A trois heures du matin le 9 juin, les médecins de l'hôpital de Sion ont constaté le décès du bébé d'une patiente admise à 30 semaines de grossesse. En cause: un décollement placentaire mal diagnostiqué.
Une enquête pénale a été ouverte la semaine suivante contre le médecin-chef de garde cette nuit-là pour homicide par négligence.
Pour les parents, la mort de leur enfant résulte d'une série d'erreurs, à commencer par un transfert vers le Centre hospitalier universitaire vaudois (CHUV) qui n’a jamais eu lieu, mais qui aurait dû être ordonné.
Personnel médical alarmé
"J’ai décidé de ne pas la transférer. Nous sommes la première maternité non universitaire en Suisse. Par contre, ils n’ont pas augmenté les moyens en néonatologie. Ainsi, nous sommes confrontés à un taux de transferts beaucoup trop important", a expliqué le médecin-chef devant la procureure.
Le 8 juin au soir, il avait confirmé son diagnostic initial à l’équipe médicale de nuit - un épaississement bénin du placenta - avant de rentrer chez lui. Au cours de la soirée, le bébé, qui allait bien jusqu’ici, multiplie les signes de détresse. Les CTG, ces courbes qui mesurent l’activité cardiaque du fœtus, sont anormalement régulières. Le chef de clinique puis la sage-femme, alarmés, contactent leur responsable à son domicile: une démarche au caractère exceptionnel.
"Il n'est pas venu. Ils ont échangé des messages avec lui, ont envoyé des photos de l'échographie par Whatsapp", raconte Jihane Zaghbach, la mère hospitalisée.
Décision de ne pas intervenir
De ses six heures d'audition devant la procureure, il ressort que le médecin-chef a sciemment décidé de ne pas intervenir et qu'il en a informé la sage-femme.
Je me suis dit que je n’allais pas me déplacer car sinon je savais que je ne pouvais pas m’empêcher de faire une césarienne.
"Il était 23h00 le soir, il s’agissait d’une patiente que je ne connais pas à qui on doit annoncer que certainement son bébé aura des séquelles cérébrales graves. De toute façon, elle m’aurait demandé de tout faire pour sauver son enfant. Elle n’avait pas non plus la connaissance des conséquences d’une probable asphyxie. Pour ces raisons j’estime que je ne peux pas obtenir un consentement éclairé", a-t-il encore ajouté.
Très affecté par son erreur de diagnostic et par la procédure pénale, le médecin-chef s'est entretenu avec Mise au point, mais n’a pas souhaité apparaître dans le reportage.
Pour lui, l'affaire était ordinaire, pas dramatique. Il a rassuré le personnel par téléphone. Il était dans une erreur d'appréciation.
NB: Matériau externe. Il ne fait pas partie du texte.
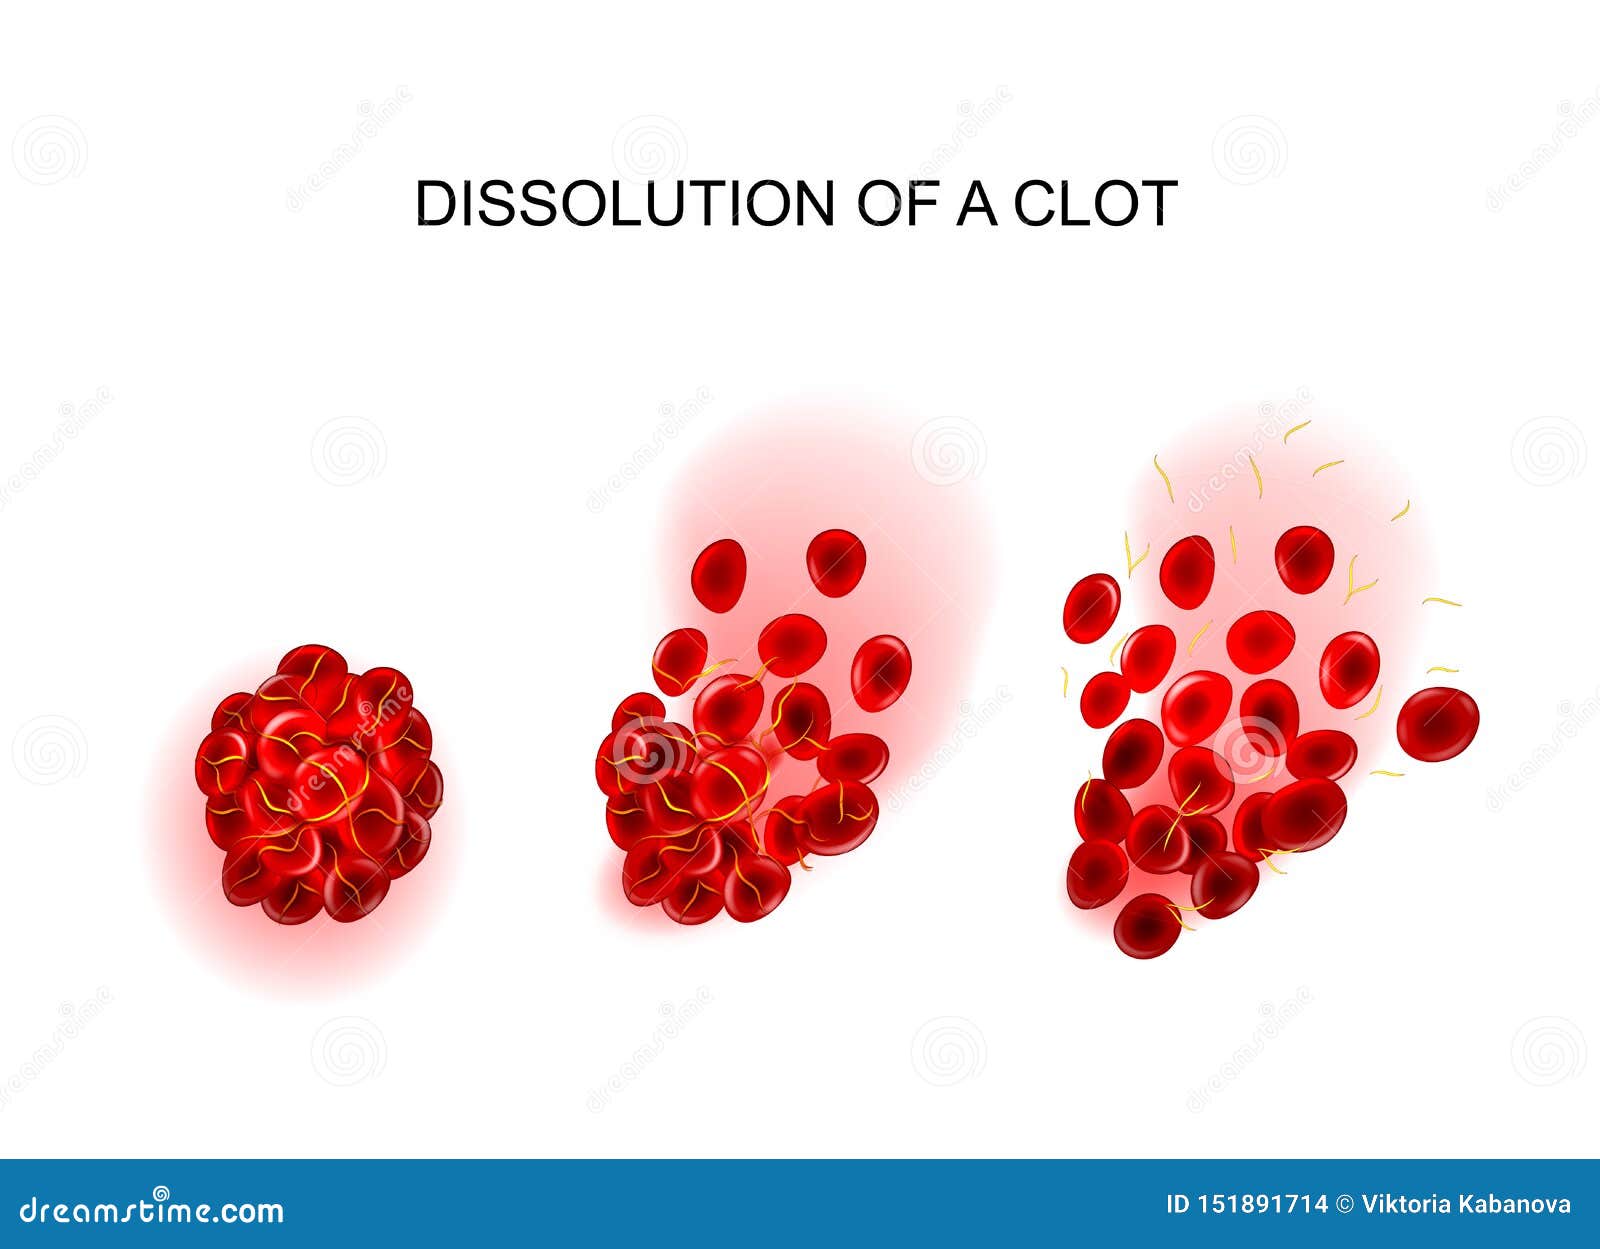 dissolution of the clot. thrombolysis

Placenta et échographies disparus
L’enquête du Ministère public valaisan devra déterminer les responsabilités dans cette affaire. A ce stade de l’instruction, la procureure n’a pas souhaité réagir dans l'émission. Il faut dire que sa tâche s’annonce ardue, car dans ce dossier, des pièces ont mystérieusement disparu: le placenta, mais également plusieurs échographies.
"Après la disparition du placenta, il semblerait que des images auraient également disparu du dossier. Même si je n'imagine pas d'intention là-derrière, il n'est pas certain que le Ministère public soit du même avis", laisse entendre le directeur juridique du Centre hospitalier du Valais romand (CHVR) dans un mail interne. Le médecin chef a affirmé à Mise au point qu'il n'avait joué aucun rôle dans cette disparition.
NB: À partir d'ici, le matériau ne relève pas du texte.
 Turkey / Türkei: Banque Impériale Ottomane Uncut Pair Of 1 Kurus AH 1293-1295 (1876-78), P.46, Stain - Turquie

Sept jours avant de signaler le cas
"Le cas n'a pas été signalé ni au médecin cantonal, ni au Ministère public", déplore Didier Elsig, l'avocat des parents, Jihane et Antonio.
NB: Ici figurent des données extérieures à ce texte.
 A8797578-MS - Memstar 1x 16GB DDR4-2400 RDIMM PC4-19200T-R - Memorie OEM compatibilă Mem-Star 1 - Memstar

Or, les directives du médecin cantonal sont claires: un procureur doit être averti immédiatement en cas de doute sur l’origine du décès. Mais le cas de Jihane, impliquant un foetus, a suscité un vif débat au sein de l'hôpital et n'a été annoncé à la justice que huit jours plus tard.
Le directeur médical a lui-même souhaité que le cas soit annoncé à la justice au nom de la transparence, et malgré les résistances internes. Mais comme l’instruction est en cours, il reste plutôt évasif sur les faits, dans Mise au point.
Les résultats de l’enquête pénale seront connus au plus tôt au printemps 2017. L’expertise médicale en sera la clef. Mais en l’absence de ces nombreuses preuves, Jihane et Antonio ne pourront sans doute pas obtenir toutes les réponses à leurs questions.